First, time derivative after transformations isn't equal to an "old" derivative: for $\mathbf r' = \mathbf r - \mathbf u t = \mathbf r - \mathbf u t' \Rightarrow \mathbf r = \mathbf r' + \mathbf u t'$ $$ \partial_{t'} = (\partial_{t'}\mathbf r )\partial_{\mathbf r} + (\partial_{t'}t) \partial_{\mathbf t} = (\mathbf u \cdot \nabla ) + \partial_{t}, \quad (\mathbf u \cdot \nabla ) = u^{i}\partial_{x_{i}} . $$ So, with $\nabla ' = \nabla$, "Bianchi" equations transforms to $$ (\nabla \cdot \mathbf B') = 0 , \quad [\nabla \times \mathbf E '] + \frac{1}{c}\partial_{t}\mathbf B' + \frac{1}{c}(\mathbf u \cdot \nabla)\mathbf B ' = 0. \qquad (.1) $$ Second, the form of $\mathbf {E}'(\mathbf r', t'), \mathbf B ' (\mathbf r ' , t')$ isn't equal to $\mathbf E (\mathbf r , t), \mathbf B (\mathbf r , t)$. Let's use the Lorentz force expression, $$ \mathbf F = q\mathbf E + \frac{q}{c}[\mathbf v \times \mathbf B ]. $$ It doesn't depend on acceleration, so the statement that $\mathbf F ' = \mathbf F$ under galilean transformation is true.
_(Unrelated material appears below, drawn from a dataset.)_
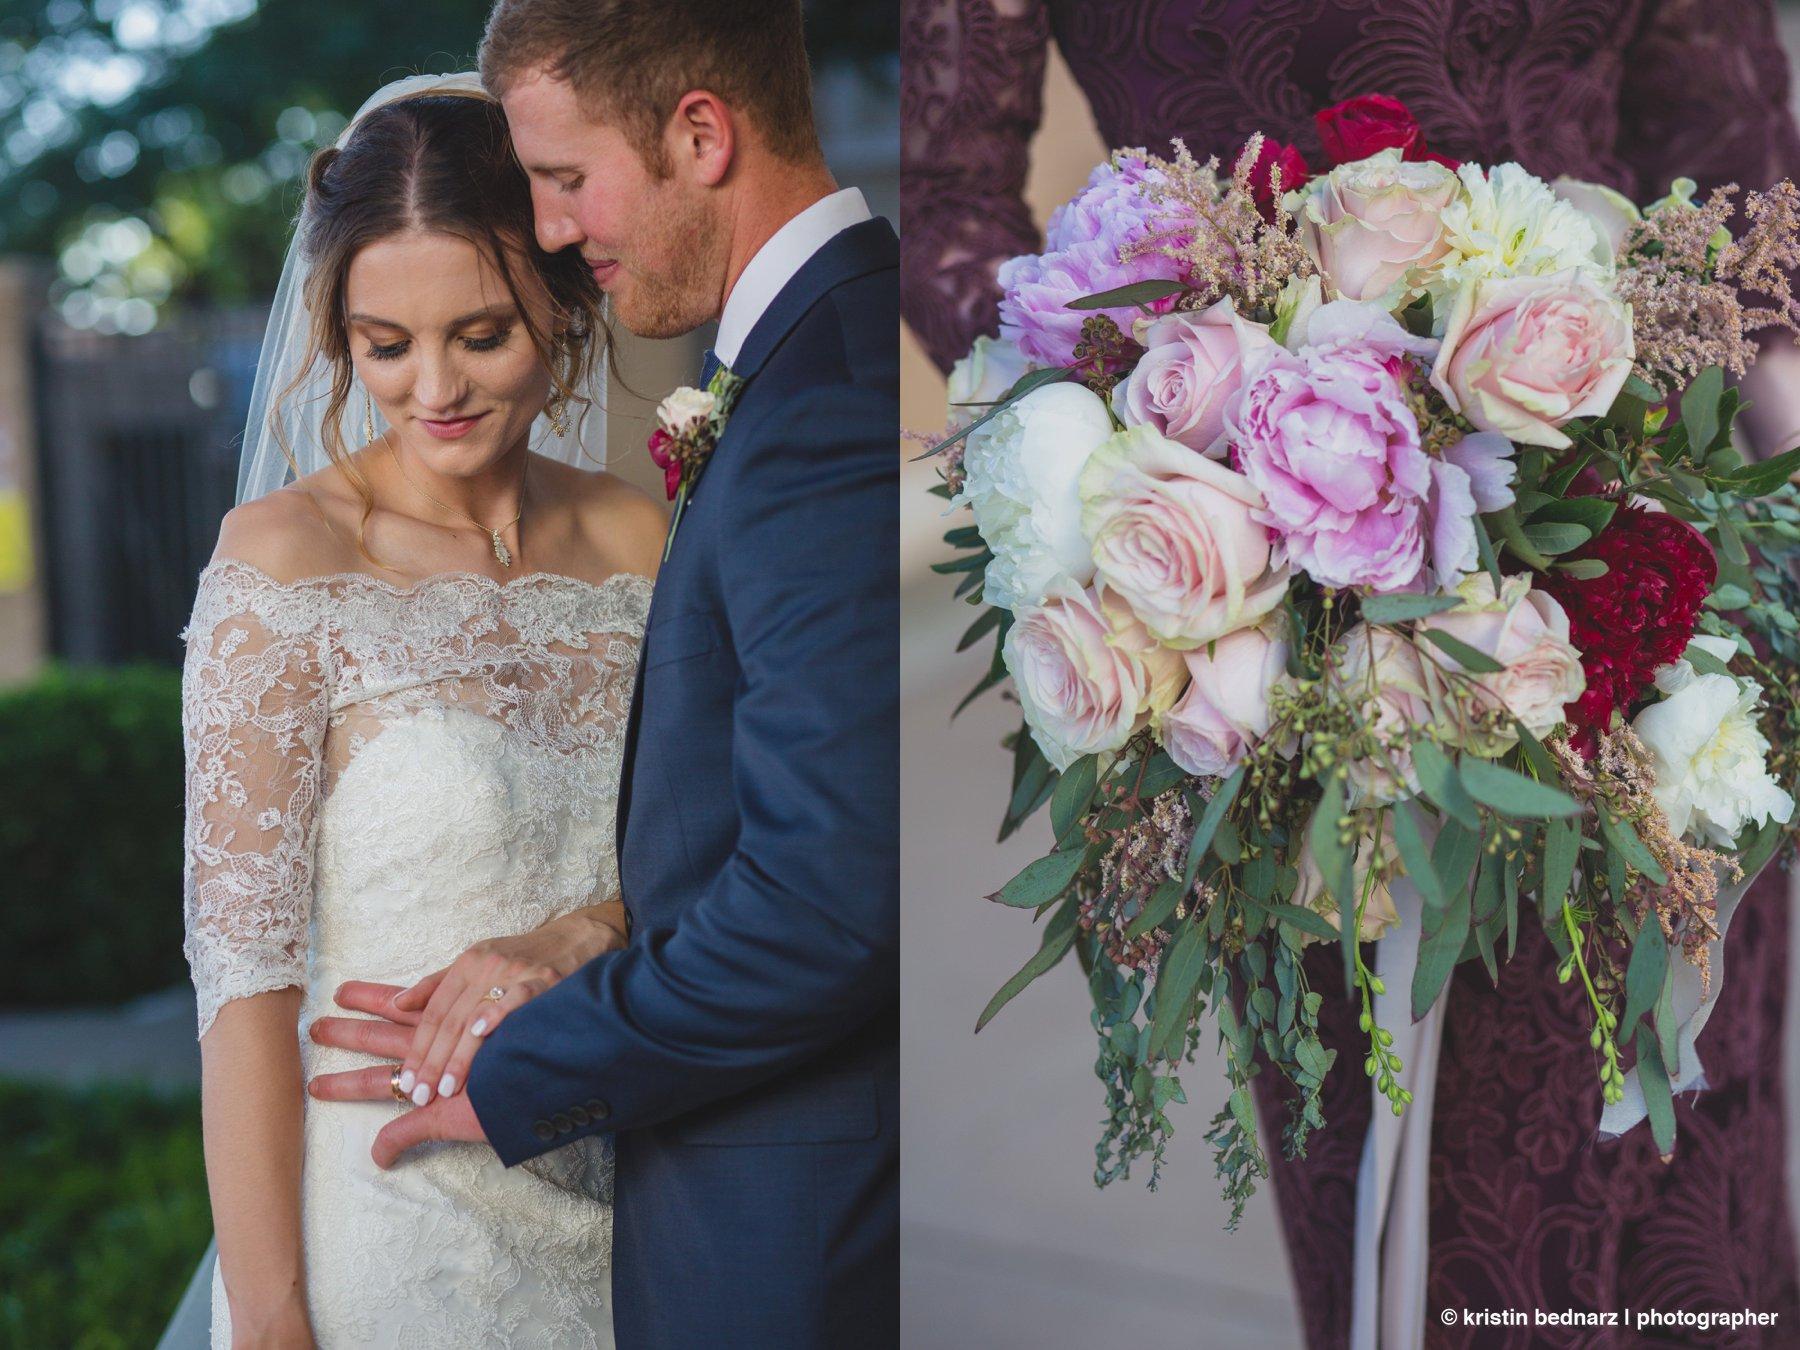 Krisitin_Bednarz_Lubbock_Wedding_Photographer_20180602_0073.JPG

It means that $$ \mathbf E + \frac{1}{c}[\mathbf v \times \mathbf B] = \mathbf E ' + \frac{1}{c}[\mathbf v ' \times \mathbf B']. $$ By using galilean transformation for speed, $\mathbf v' = \mathbf v - \mathbf u$, this equation can be rewritten as $$ \mathbf E + \frac{1}{c}[\mathbf v \times \mathbf B] = \mathbf E ' + \frac{1}{c}[\mathbf v \times \mathbf B '] - \frac{1}{c}[\mathbf u \times \mathbf B'], \qquad (.2) $$ so the statement that $\mathbf E = \mathbf E ' , \quad \mathbf B = \mathbf B '$ isn't correct. So you need to find expressions $\mathbf E ' $ and $\mathbf B'$ via $\mathbf E $, $\mathbf B$.
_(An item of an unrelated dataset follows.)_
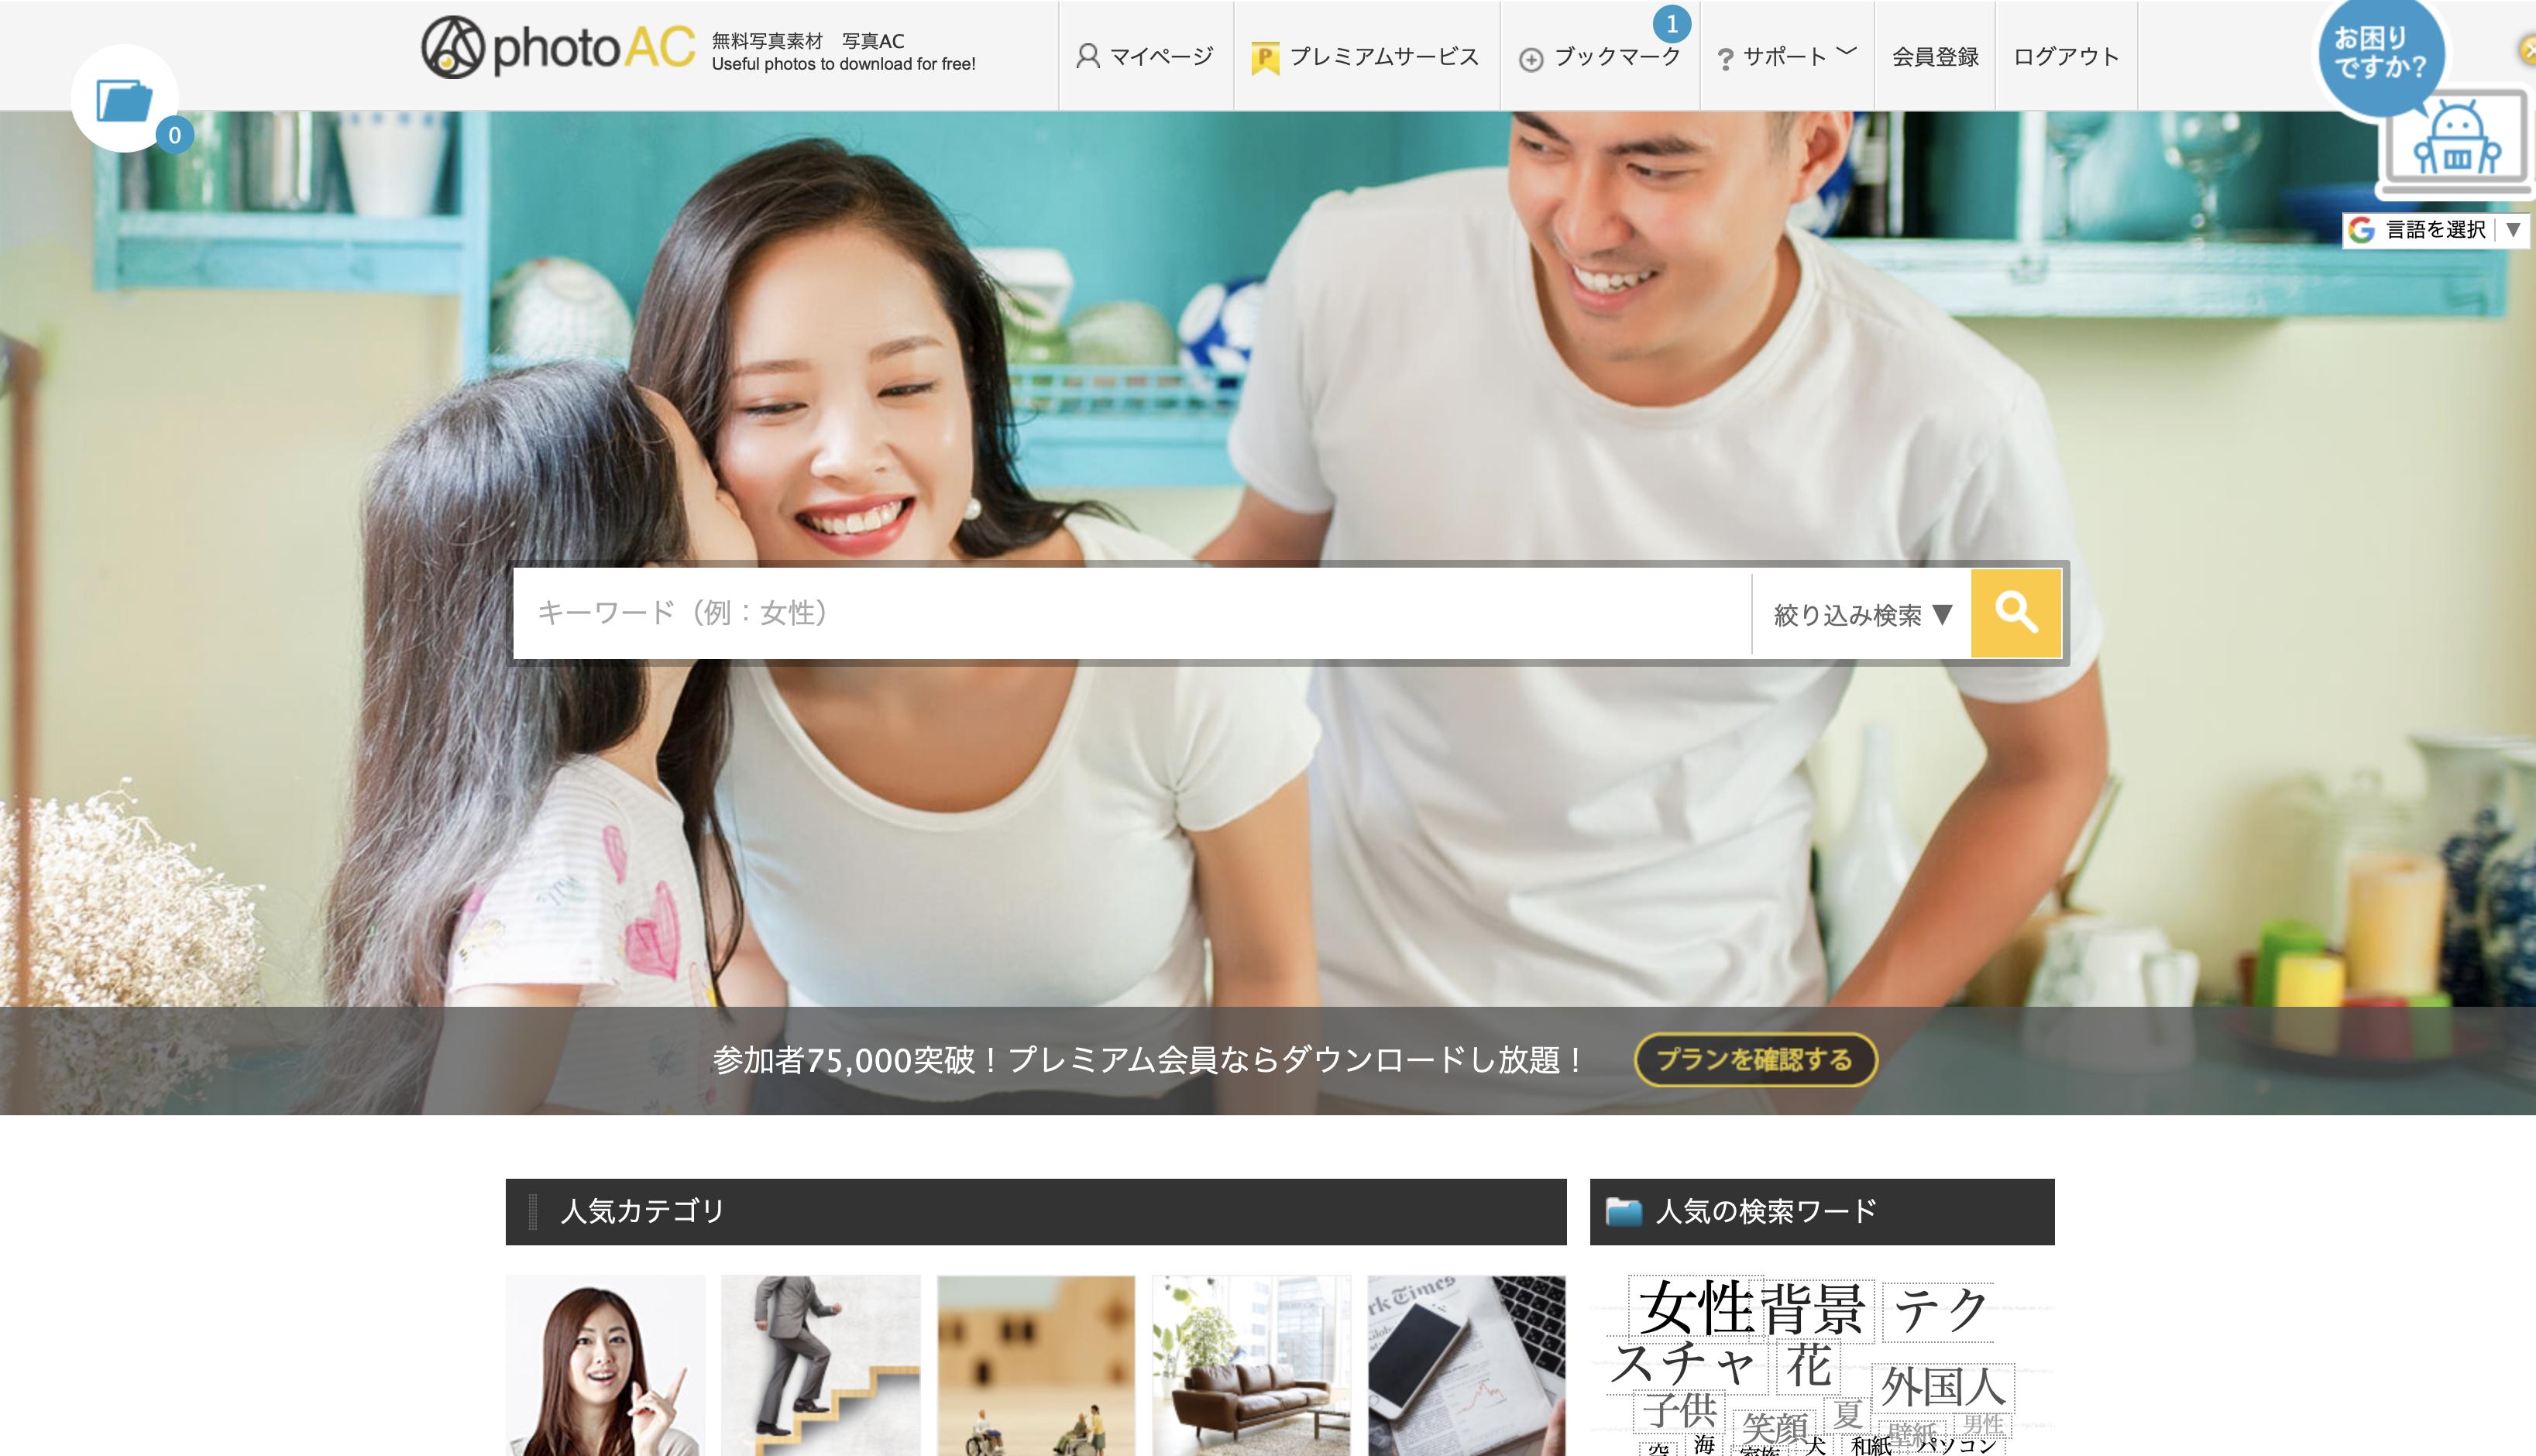 写真AC 公式サイト

By rewriting $(.2)$, $$ \mathbf E + \frac{1}{c}[\mathbf v \times (\mathbf B - \mathbf B' )] = \mathbf E ' - \frac{1}{c}[\mathbf u \times \mathbf B '] , $$ in a reason of arbitrary $\mathbf u $ you can get the solution: $$ \mathbf B' = \mathbf B , \quad \mathbf E' = \mathbf E + \frac{1}{c}[\mathbf u \times \mathbf B ]. $$ By substitution these equations to $(.1)$ you will get $$ (\nabla \cdot \mathbf B)= 0 , \quad [\nabla \times \mathbf E] + \frac{1}{c}[\nabla \times [\mathbf u \times \mathbf B]] + \frac{1}{c}\partial_{t}\mathbf B + \frac{1}{c}(\mathbf u \cdot \nabla) \mathbf B = [\nabla \times \mathbf E] + \frac{1}{c}\partial_{t}\mathbf B = 0, $$ because for $\mathbf u = const$ $$ [\nabla \times [\mathbf u \times \mathbf B]] = \mathbf u (\nabla \cdot \mathbf B) - (\mathbf u \cdot \nabla )\mathbf B = - (\mathbf u \cdot \nabla )\mathbf B . $$ So the first pair of Maxwell's equations is clearly invariant under galilean transformations.
Let's look to the other pair of Maxwell's equations: $$ [\nabla \times \mathbf B] - \frac{1}{c}\partial_{t}\mathbf E = 0 , \quad (\nabla \cdot \mathbf E ) = 0 . \qquad (.3) $$ By using an expressions which were derived above, you can rewrite $(.3)$ as $$ [\nabla \times \mathbf B] - \frac{1}{c}\partial_{t}\mathbf E ' - \frac{1}{c}(\mathbf u \cdot \nabla)\mathbf E' = $$ $$ =[\nabla \times \mathbf B] - \frac{1}{c}\partial_{t}\mathbf E - \frac{1}{c}(\mathbf u \cdot \nabla)\mathbf E - \frac{1}{c^{2}}\partial_{t}[\mathbf u \times \mathbf B] - \frac{1}{c^{2}}(\mathbf u \cdot \nabla)[\mathbf u \times \mathbf B]= 0, $$ $$ (\nabla \cdot \mathbf E ) + \frac{1}{c}(\nabla \cdot [\mathbf u \times \mathbf B]) = (\nabla \cdot \mathbf E ) -\frac{1}{c}(\mathbf u \cdot [\nabla \times \mathbf B]) = 0 . $$ The requirement of galilean invariance of second equation leads to te state that $\frac{1}{c}(\mathbf u \cdot [\nabla \times \mathbf B])$, which isn't true in the general case. Analogically reasoning can be used for the first equation.
So the second pair of Maxwell's equations isn't invariant under Galilean transformations.